- Born: September 6, 1903 Camden, Missouri
- Died: July 26, 1977 (aged 73) Providence, Rhode Island
- Siglum: Charles H. Smiley
- Education: University of California, Berkeley
- Scientific career
- Fields: Astronomy and mathematics
- Workplaces: Brown University
- Theses: Indeterminateness in Leuschner's method of differential correction of orbits. (1925); On the number of solutions in Leuschner's direct method of determining parabolic orbits. (1927);

= Charles Hugh Smiley =

American astronomer and academic

Charles Hugh Smiley (September 6, 1903 – July 26, 1977) was an American astronomer and academic, and the author of a column on astronomy, "Planets and Stars" (Providence Journal, 1938–1957). He was considered "one of the world’s leading authorities on eclipses."

==Biography==
He attended UCLA and UC Berkeley, where he earned a B.A. mathematics degree in 1924. He received an M.A. (1925) and a Ph.D. (1927) from Berkeley, both in mathematics. He taught mathematics at the University of Illinois Urbana-Champaign (1927-9) and worked at the Royal Greenwich Observatory as a Guggenheim Fellow (1929–30). He worked as a professor of mathematics at Brown University from 1930 onwards. He was Director of Ladd Observatory and served as chairman of the Department of Astronomy from 1938 until his retirement.

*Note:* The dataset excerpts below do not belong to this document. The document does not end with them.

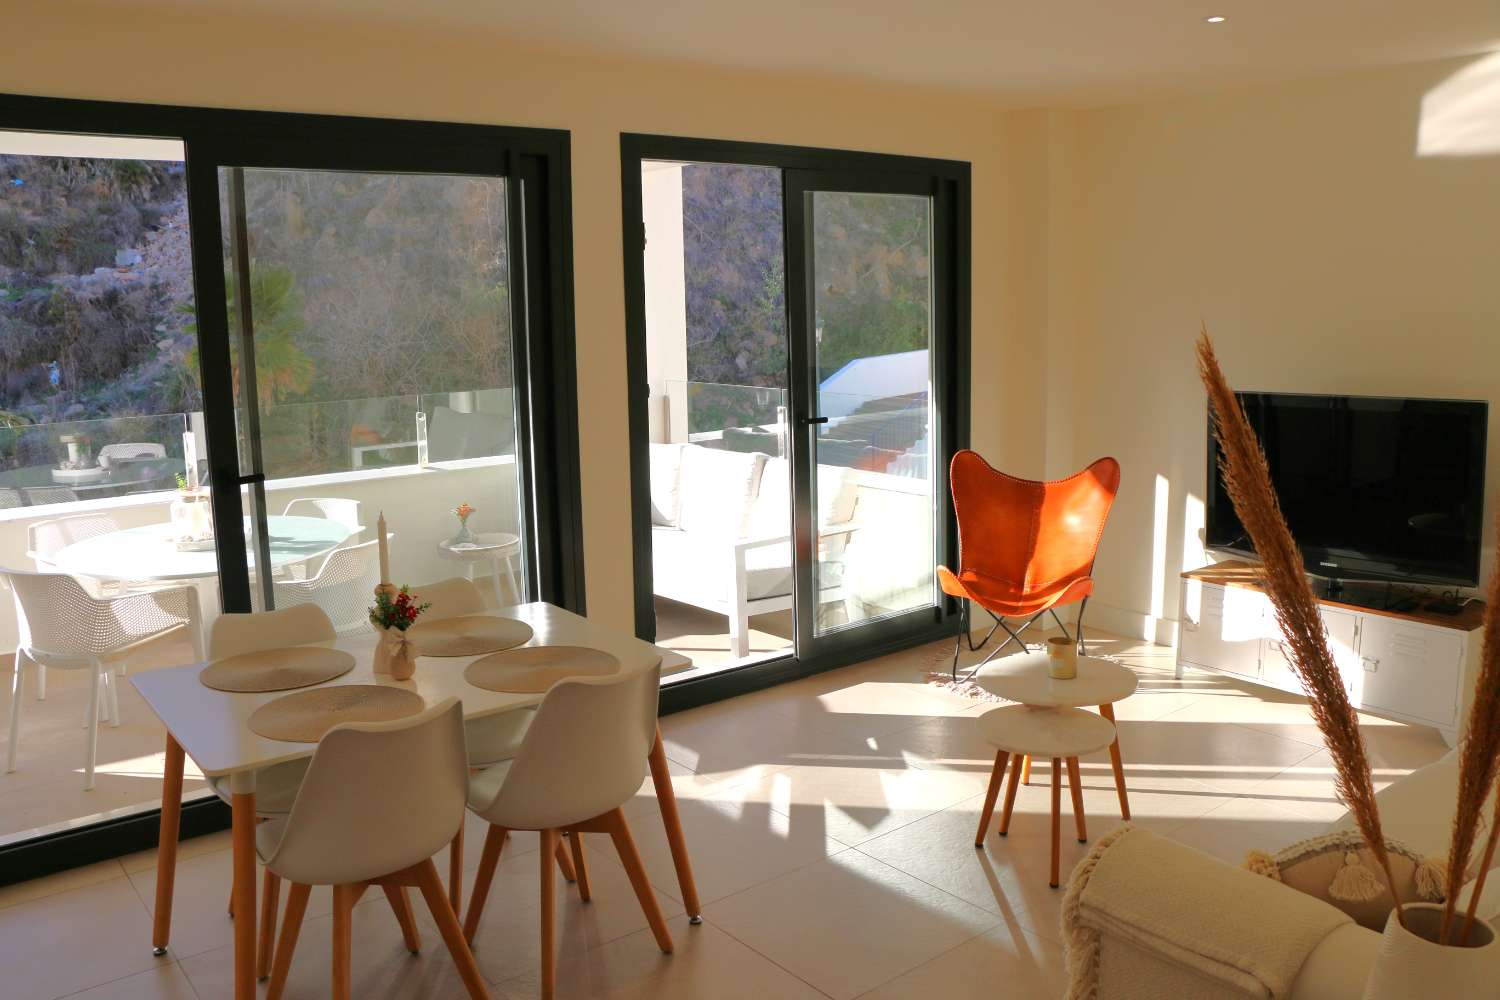 Ny luksuriøst færdig lejlighed i et lille kompleks til en vidunderlig strandferie i Nerja, Sydspanien.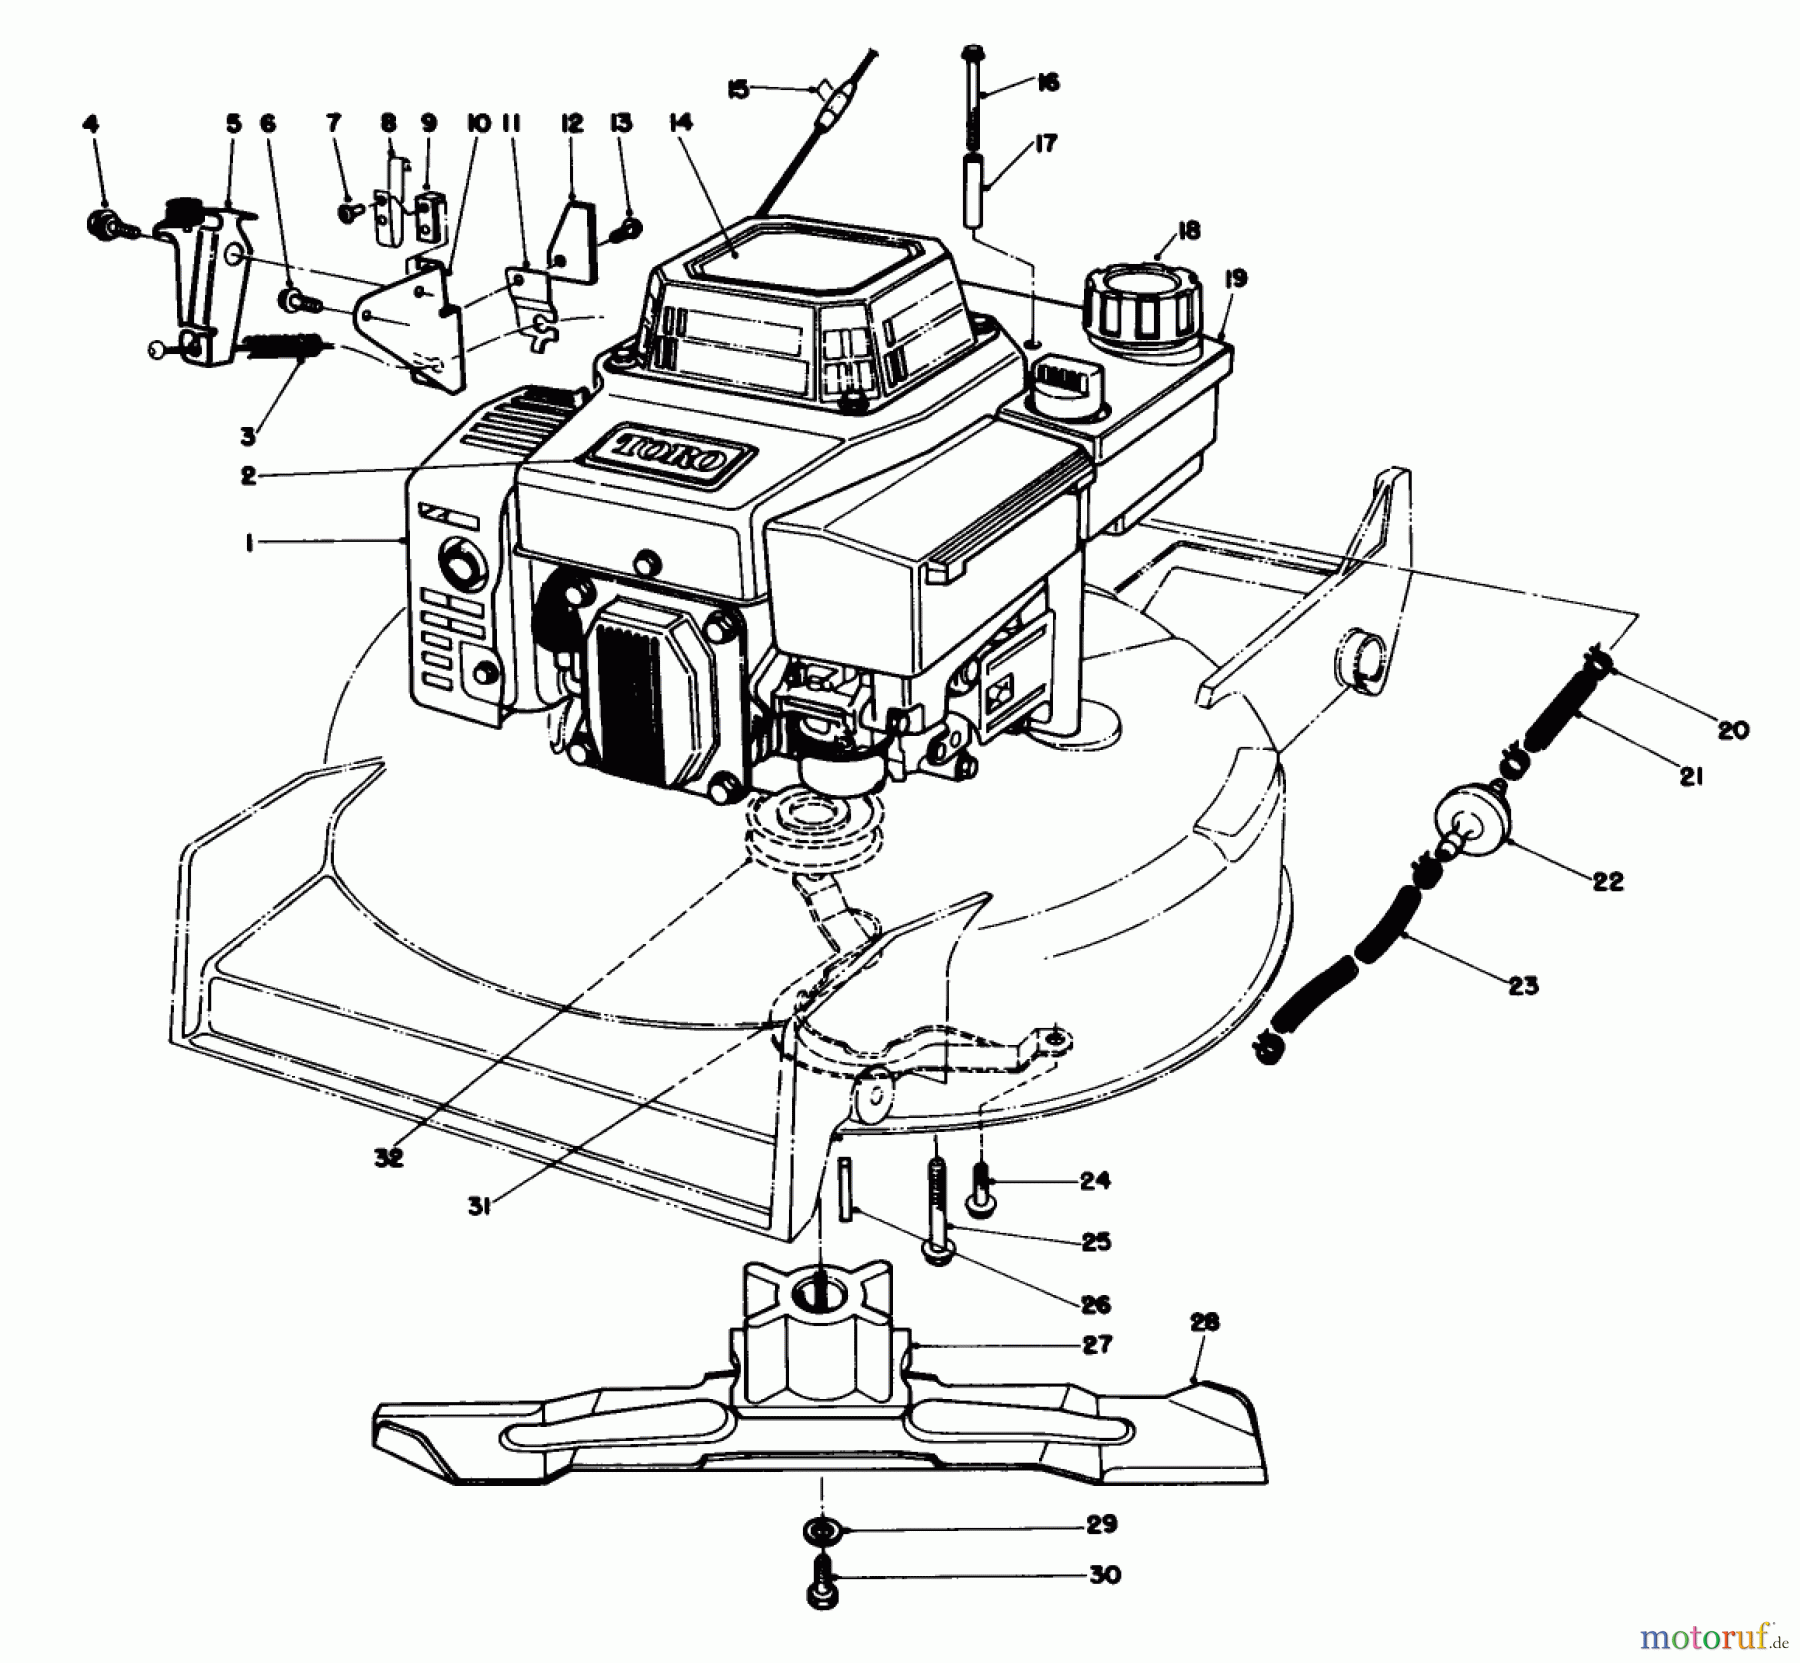  Toro Neu Mowers, Walk-Behind Seite 1 20620 - Toro Lawnmower, 1987 (7000001-7999999) ENGINE ASSEMBLY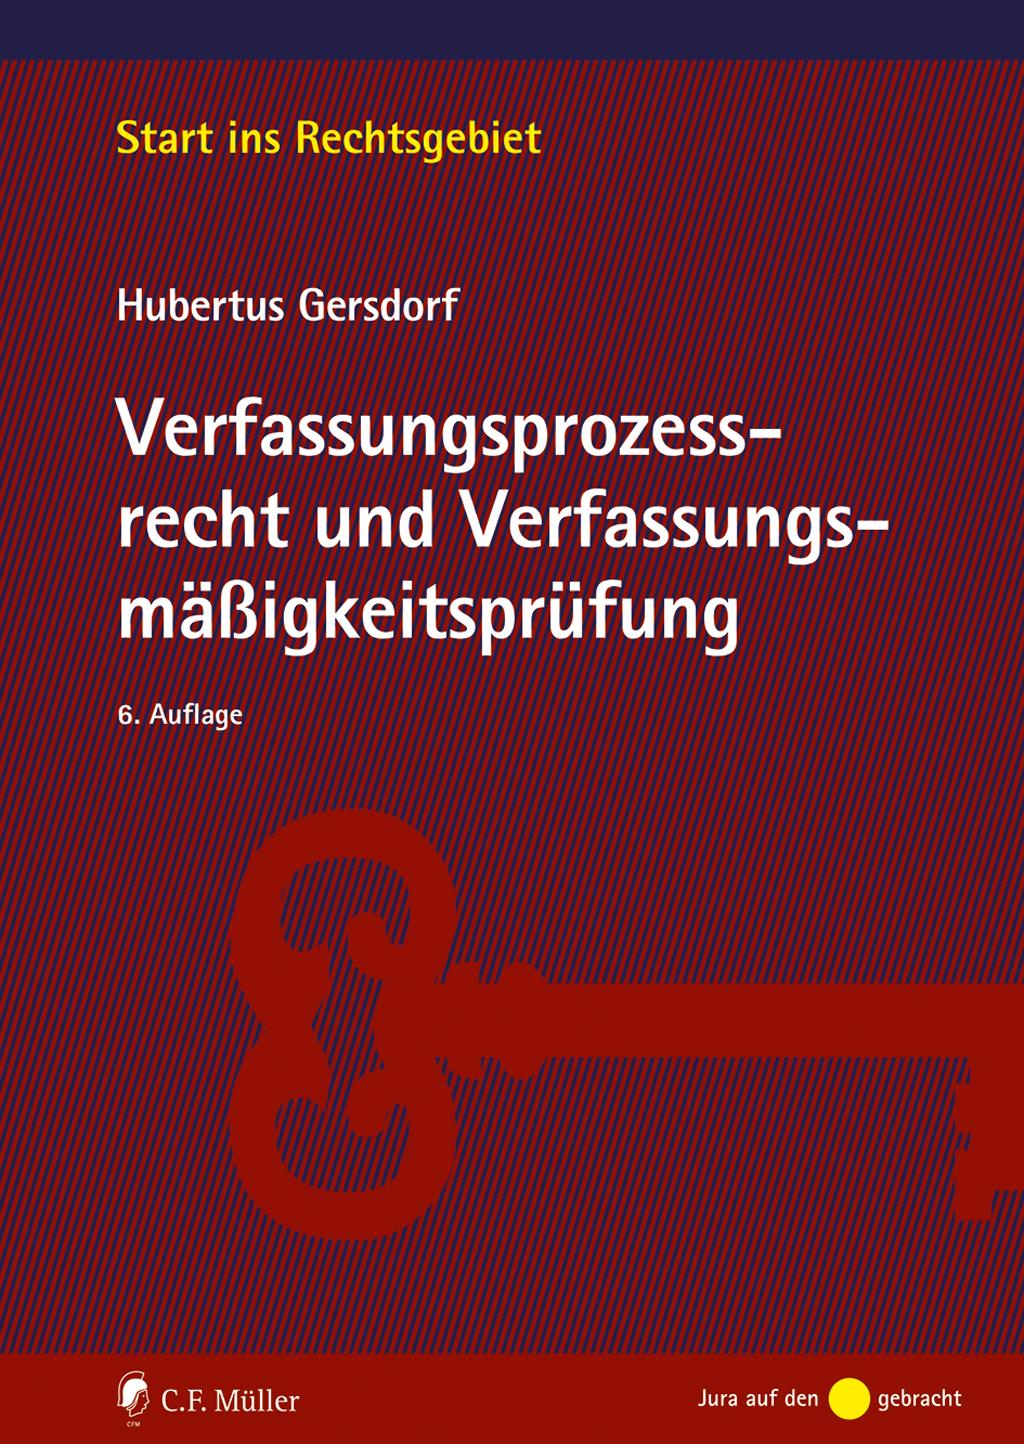 Carte Verfassungsprozessrecht und Verfassungsmäßigkeitsprüfung Hubertus Gersdorf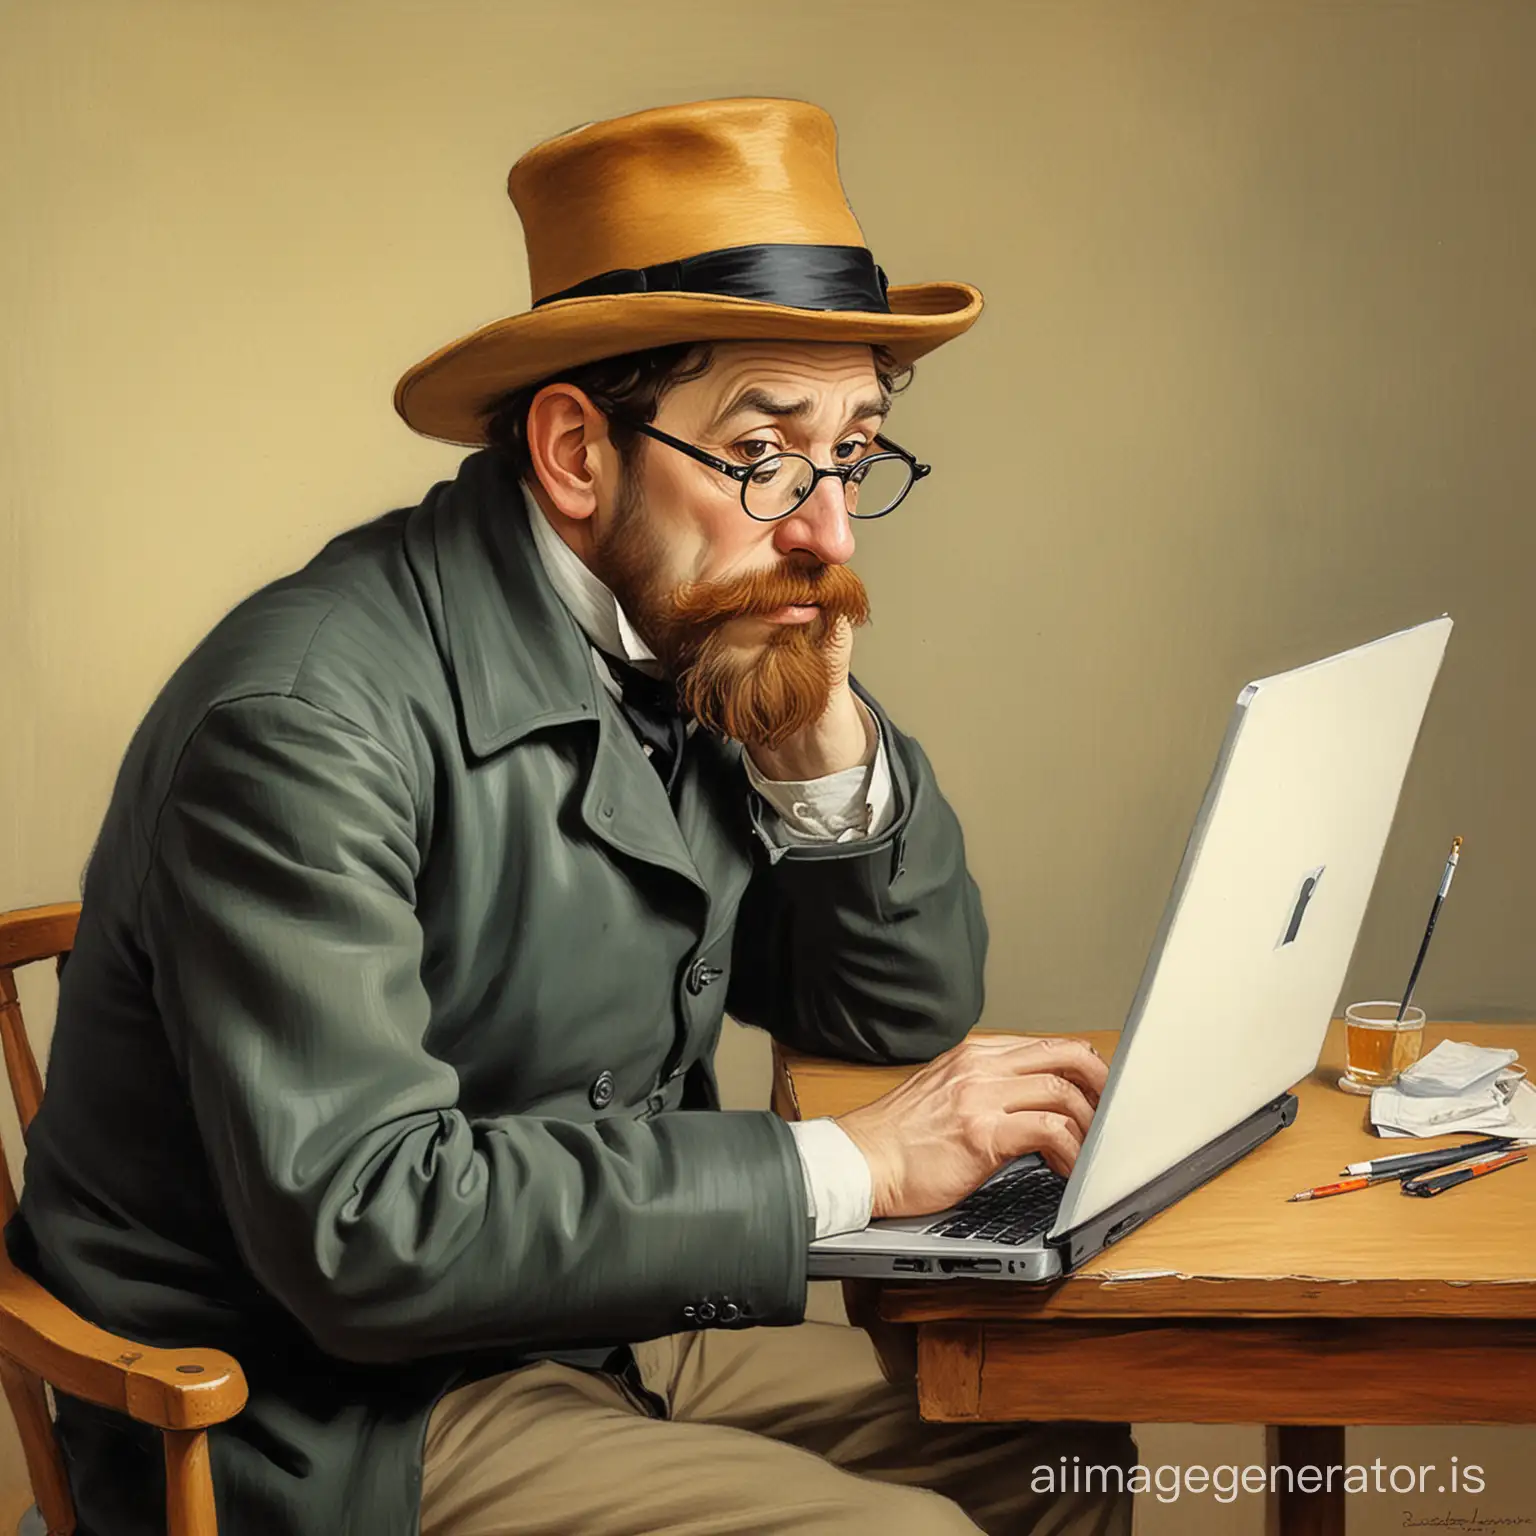 une caricature représentant le peintre toulouse lautrec utilisant un laptop

Between 1930 and 1972 Smiley led fourteen expeditions to study solar eclipses. He observed the solar eclipse of July 20, 1963 from a U.S. Air Force F-104D Starfighter supersonic aircraft that was "racing the moon's shadow" at 1,300 mph extending the duration of totality. He also conducted several expeditions between 1947 and 1952 to study "atmospheric refraction at low angular altitudes." He also studied the Mayan calendar, and "was able to date the Mayan codices of Dresden, Paris, and Madrid from astronomical dates which they contained."

==Honors==
When the minor planet 1570 Brunonia was discovered on October 9, 1948, by Sylvain Arend at the Royal Observatory of Belgium in Uccle, Belgium, Arend wrote to Smiley: — This planet is named in honor of Brown University, Providence, Rhode Island. ... Its astronomical history dates back to the transit of Venus in 1769, observed by Prof. Benjamin West. Two local streets are named Planet and Transit. The naming of the planet is also a tribute to the international reputation of Dr. Smiley.

1613 Smiley, another minor planet discovered by Arend in 1950, is "Named in honor of Charles Smiley, interested mainly in orbit computations by Leuschner's method..."

==Published works==

- Smiley, Charles Hugh (1928). "On the number of solutions in Leuschner's direct method of determining parabolic orbits"
- Smiley, Charles H. (1929). "Indeterminateness in Leuschner's method of differential correction of orbits"
- Smiley, Charles H. (1930). "Note on the vectorial constants of orbits"
- Smiley, Charles H. (1931). "The Accuracy of Wireless Time Signals"
- Smiley, Charles H. (1936). "The Schmidt camera"
- Smiley, C. H. (1936). "Note on the design of Schmidt cameras"
- Smiley, Charles H. (1938). "Flare in Schmidt Cameras"
- Smiley, Charles H. (1940). "The Schmidt camera"
- Smiley, Charles H. (1942). "Lunar occultations observed at Ladd Observatory, 1932-1940"
- Smiley, Charles H. (1947). "Atmospheric refraction at low altitudes"
- Smiley, Charles H. (1955). "Solar Eclipses of Long Duration of Totality"
- Smiley, Charles H. (1960). "A New Correlation of the Mayan and Christian Calendars"
- Smiley, Charles H. (1962). "The Mayan Calendar"
- Smiley, Charles H. (1965). "Solar Eclipse Intervals in the Dresden Codex"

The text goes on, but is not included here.